Это воззвание, в котором Наполеон раскрывал перед армией свои планы и говорил с уверенностью победителя, произвело в лагере чрезвычайное впечатление: восторг солдат увеличился еще более, когда ночью Наполеон пешком и без свиты посетил бивак; солдаты устроили импровизированную иллюминацию, сжигая по его пути пуки соломы.
В русском лагере приняли иллюминацию за пылающие костры и, считая это знаком отступления, боялись, чтобы Наполеон не воспользоваться мраком ночи и не ушел с занятых им позиций. Русские рвались сразиться с ним и ждали только приказания. Еще 17 числа Наполеон просил у Александра Павловича личного свидания между обоими авангардами. Государь отправил за себя князя Долгорукова. Свидание окончилось ничем, но Долгоруков, возвратившись из французского лагеря, привез известие, будто там заметно уныние.
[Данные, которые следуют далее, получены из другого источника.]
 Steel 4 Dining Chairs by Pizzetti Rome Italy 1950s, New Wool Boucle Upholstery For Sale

– Наш успех несомненен, – говорил он, – стоит только идти вперед – они отступят. До сих пор Наполеон двигался смело и решительно вперед, а теперь выжидает чего-то, вступает в переговоры; следовательно, он неуверен в победе!
Эту мысль разделяли многие, и вот почему решено было дать 20 ноября ему битву у Аустерлица. План атаки, составленный генералом Вейротером, был утвержден обоими императорами вечером 19 ноября. Кутузов не одобрял его: он думал, что следует решиться на нападение только тогда, когда будут верные сведения о силах противника и их расположении, а пока собрать свои силы, дать им диспозиции и тогда уже действовать сообразно обстоятельствам. Но Кутузов не настаивал сильно на своем мнении и не отвергнул план Вейротера; в этом состояла его ошибка.
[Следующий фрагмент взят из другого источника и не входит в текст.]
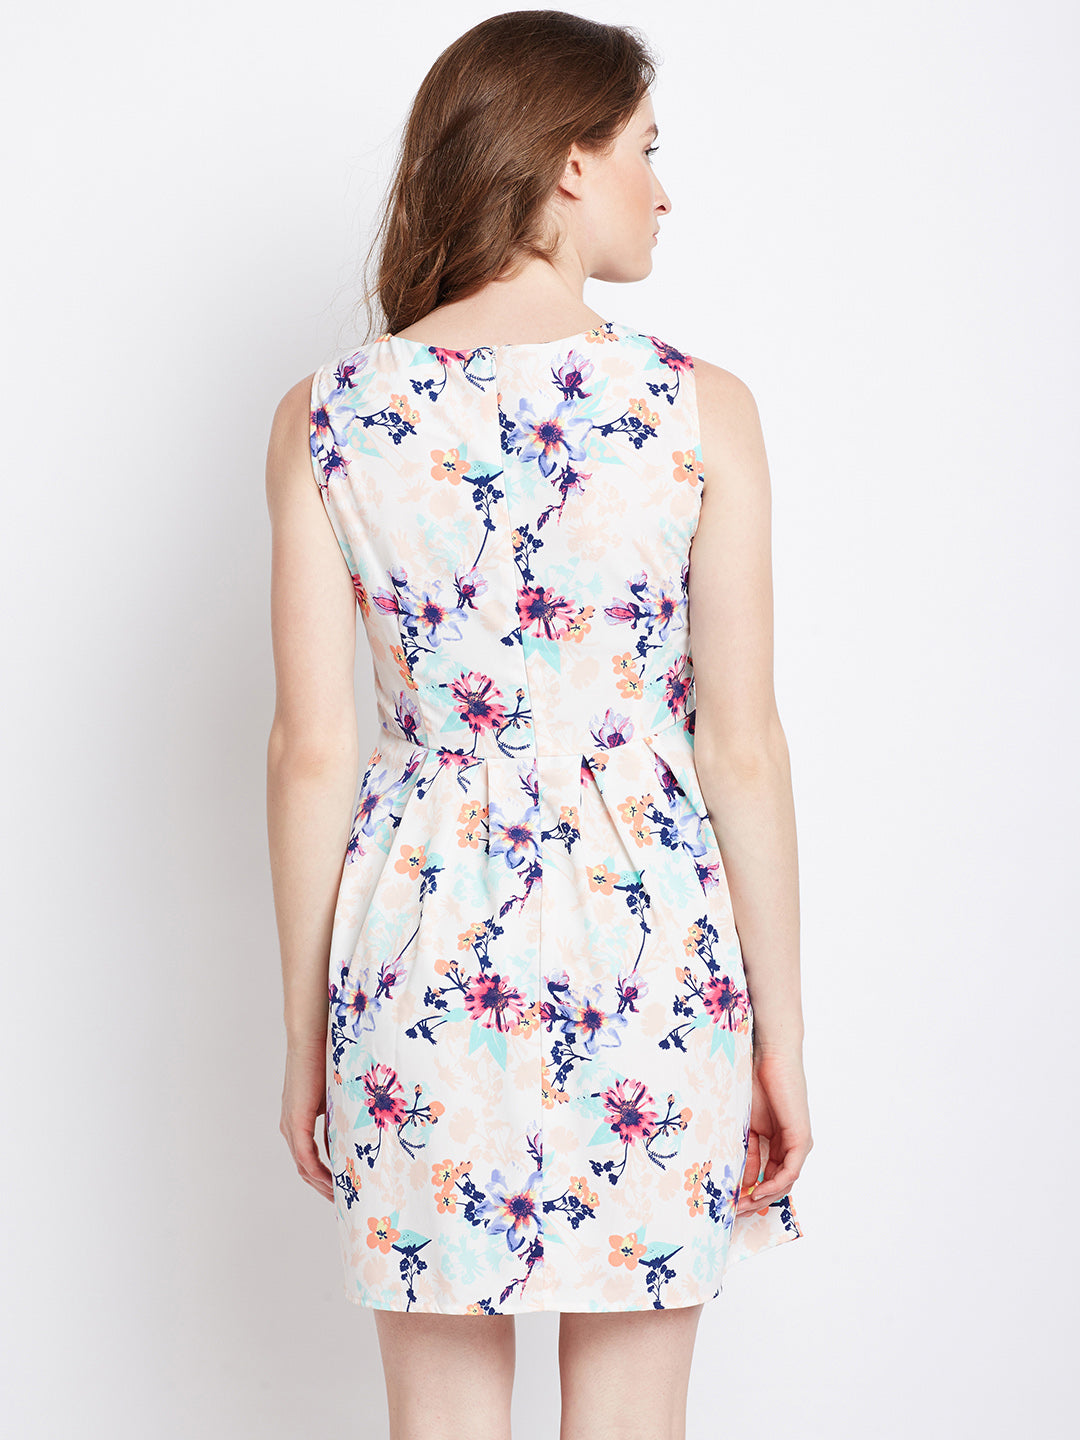 Off-White Printed Fit and Flare Dress - Berrylush
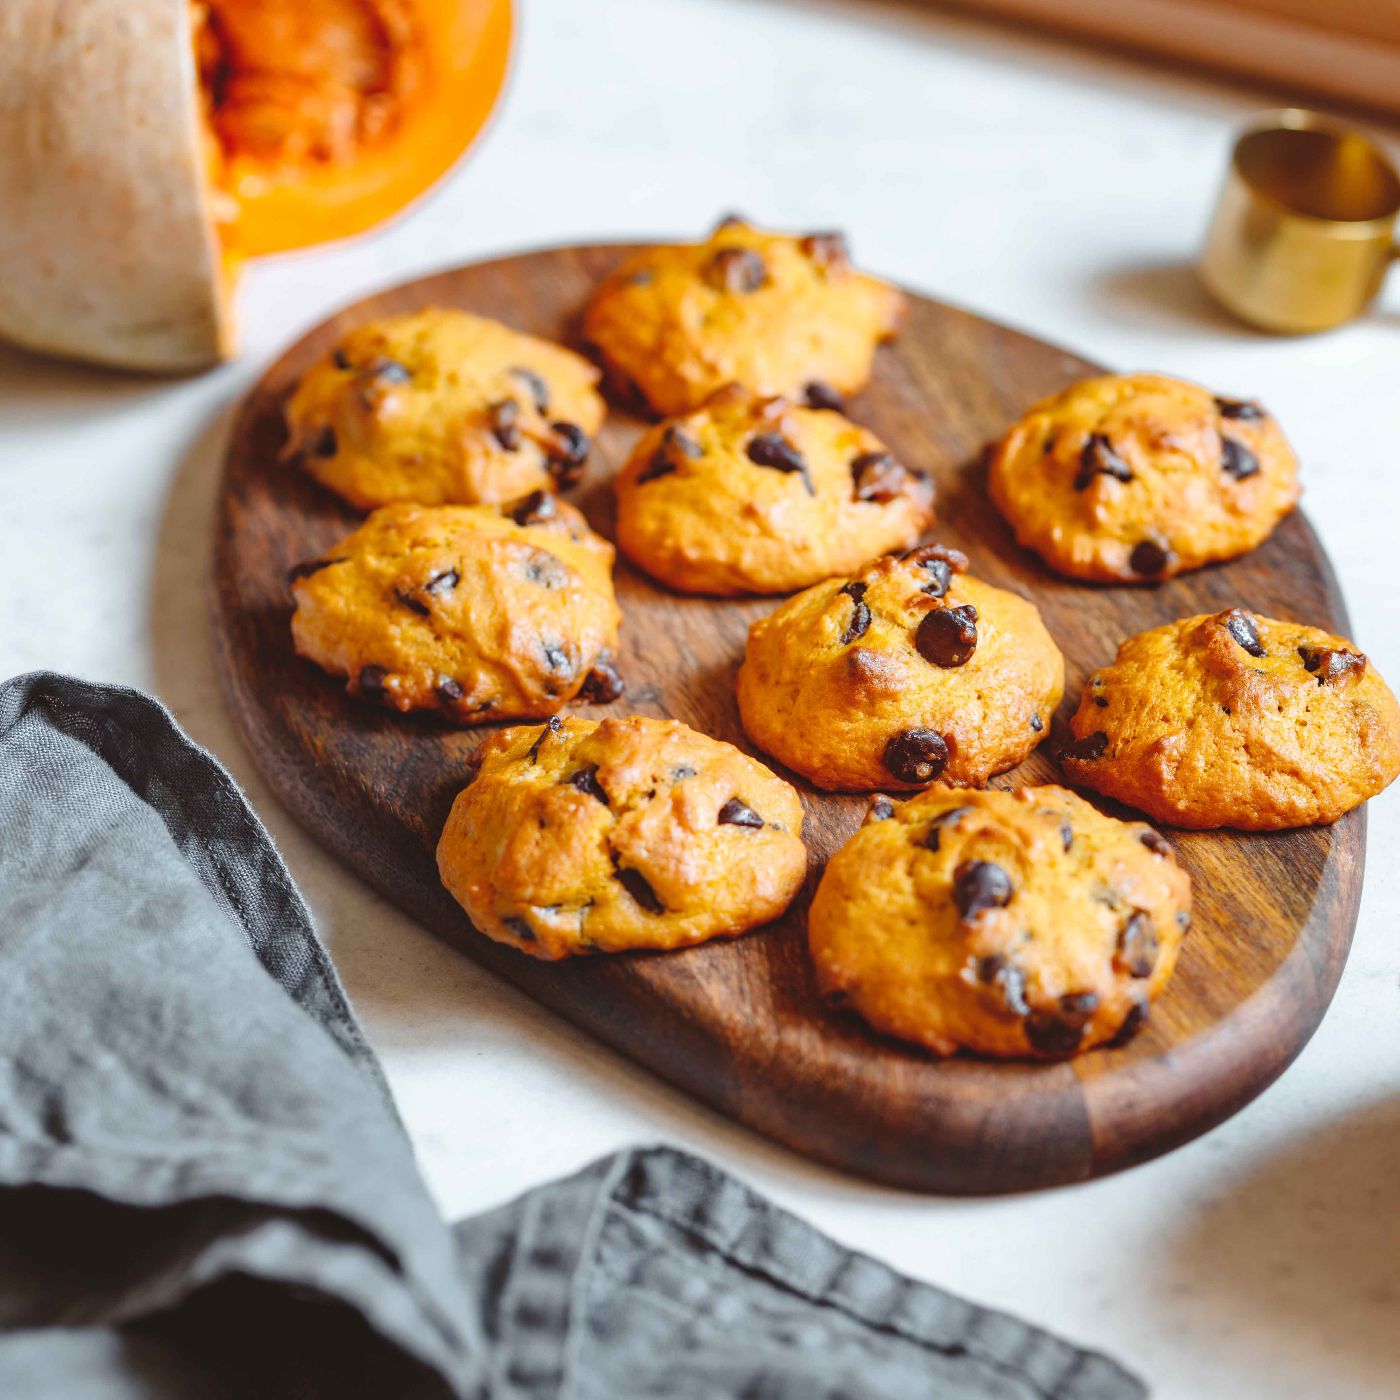 Pumpkin-cookies-with-chocolate-chips-made-from-cake-mix-on-a-wooden-tray.-1161533566_6240x4160 square.jpg

В полночь он пригласил к себе начальников колонн, дежурного генерала Волконского и генерала Вейротера и объявил им, что завтра в семь часов утра начинается атака. Когда генералы сели, Вейротер развернул план окрестностей Брюна и стал читать свою диспозицию; при этом долго и очень запутанно объяснял ее. Говорят, будто бы к концу объяснения Кутузов заснул, его пришлось разбудить. Когда Вейротер заключил свое объяснение заявлением, что места эти ему хорошо знакомы, потому что в прошлом году здесь были маневры, его помощник граф Бубна заметил на это:
– Не наделайте только опять таких же ошибок, как на прошлогодних маневрах.
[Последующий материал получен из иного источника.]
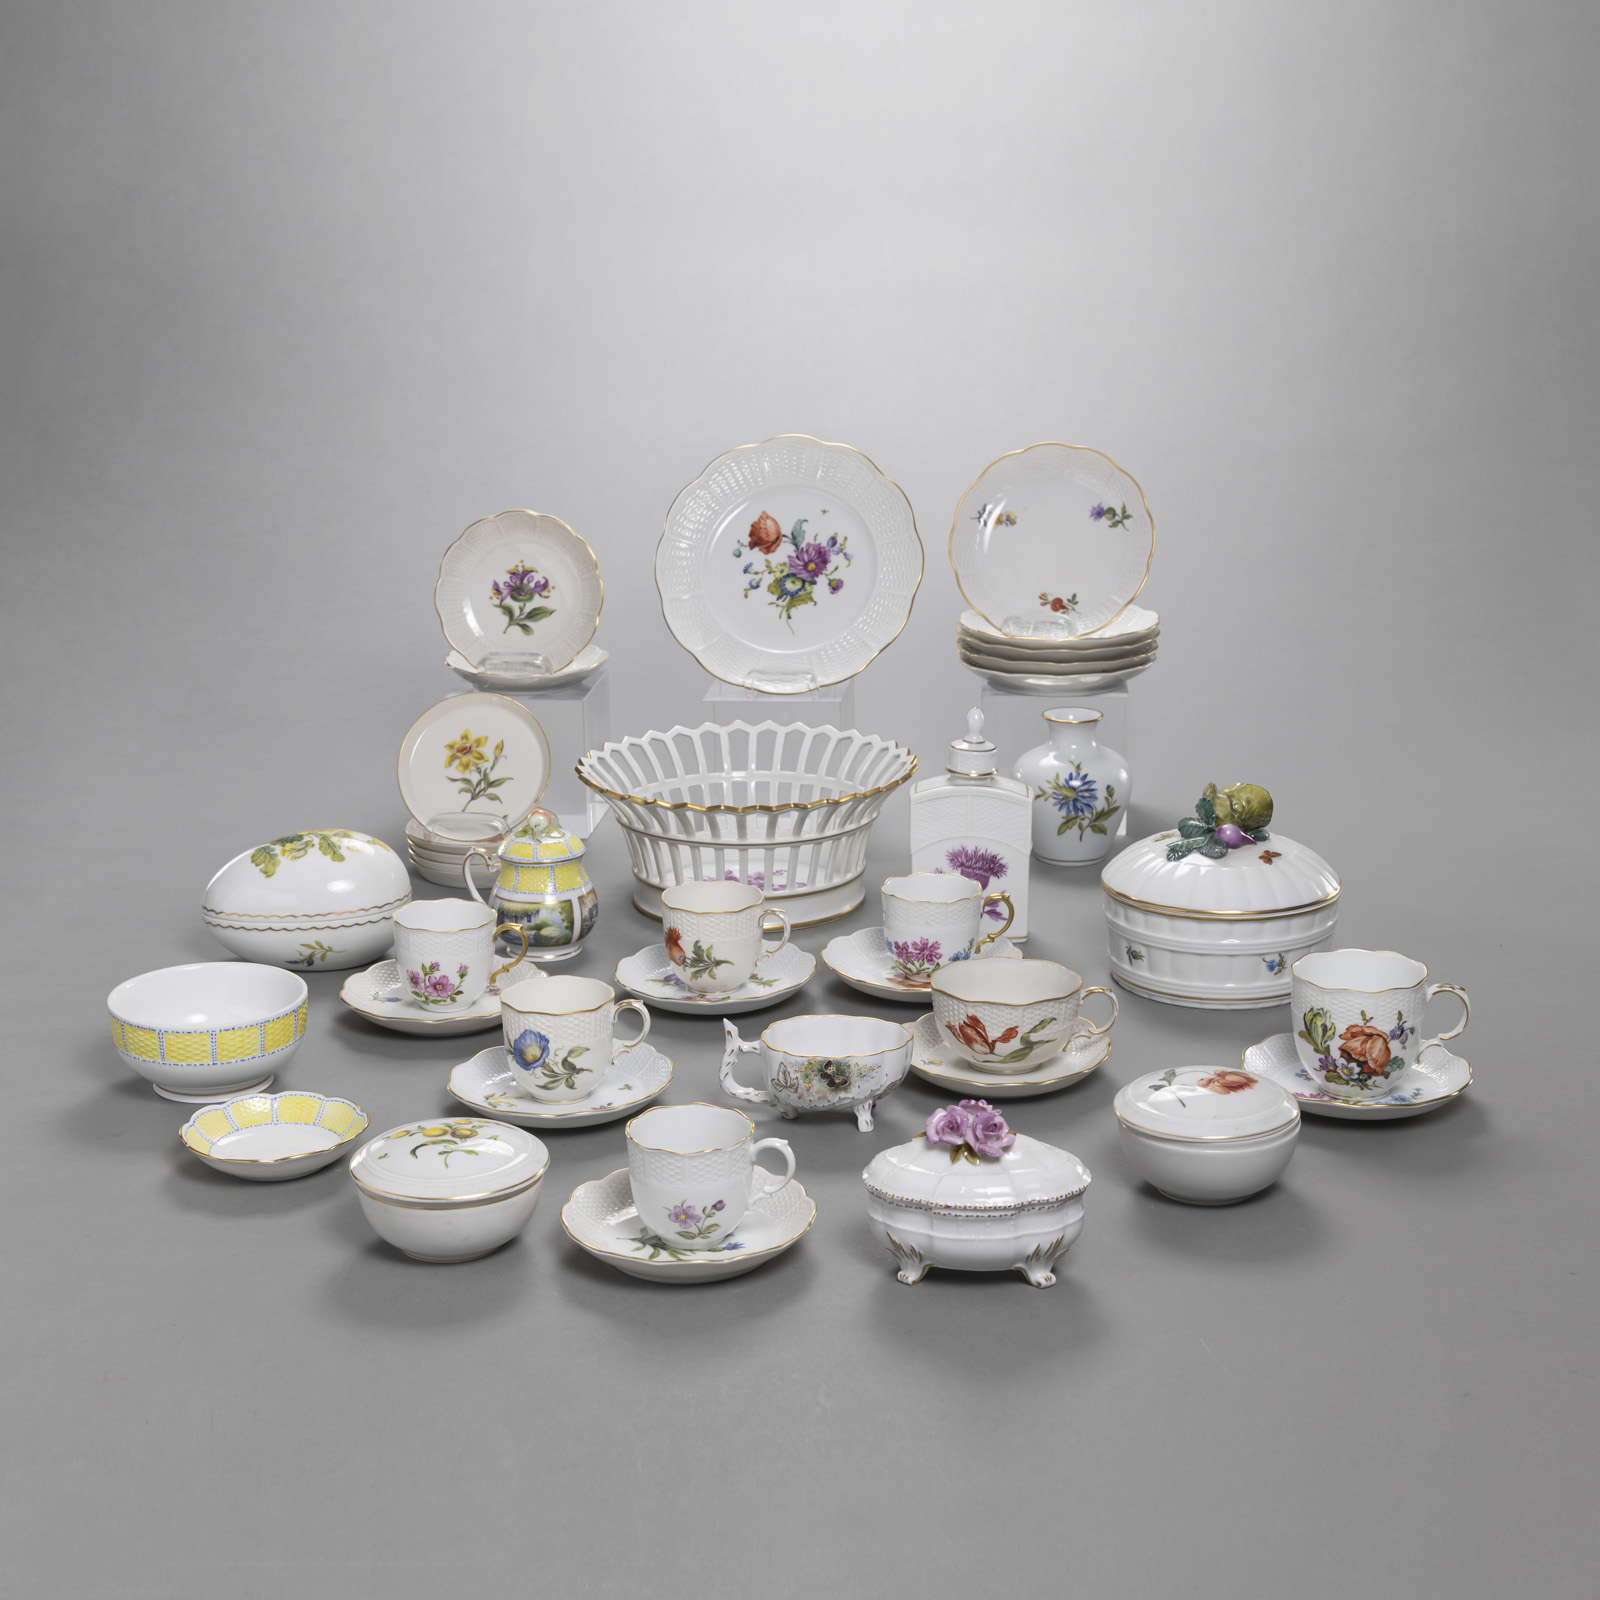 A MIXED LOT OF LUWIGSBURG PORCELAIN PIECES

Совет окончился в три часа, а через три часа был готов русский перевод диспозиции Вейротера, сделанный майором Толем, и доставлен к начальникам колонн.
– Сражение проиграно! – воскликнул Багратион, прочитав эту диспозицию.
Армия, растянутая на огромном пространстве, представляла большой полукруг, замыкавший угол, занятый в центре французами. Наполеон и его генералы хорошо изучили местность. Догадываясь о намерении союзников нанести удар правому крылу французов и обойти его, Наполеон воспользовался мраком ночи и тихо, незаметно для союзников, перевел большую часть корпуса Сульта через ручей Гольдбах. В семь часов утра, когда еще не успел рассеяться туман, он раздал последние приказания маршалам. Между тем, союзные войска, не подозревая перемены в расположении французской армии, стали двигаться, как им было указано диспозицией Вейротера. Наполеон, наблюдавший за этим движением с высокого кургана, отдал тут же приказание разрезать нашу армию в центре, но не ранее, как через полчаса, когда союзные войска еще более разобщатся.
В 10 часов утра в русский лагерь прибыли императоры с огромной свитой. Часть четвертой колонны находилась с Кутузовым в центре Пражских высот. Подъехав к войску и видя, что солдаты отдыхали у ружей, сложенных в сошки, государь Александр Павлович удивился:
– Михаил Илларионович, почему вы не идете вперед? – спросил он Кутузова.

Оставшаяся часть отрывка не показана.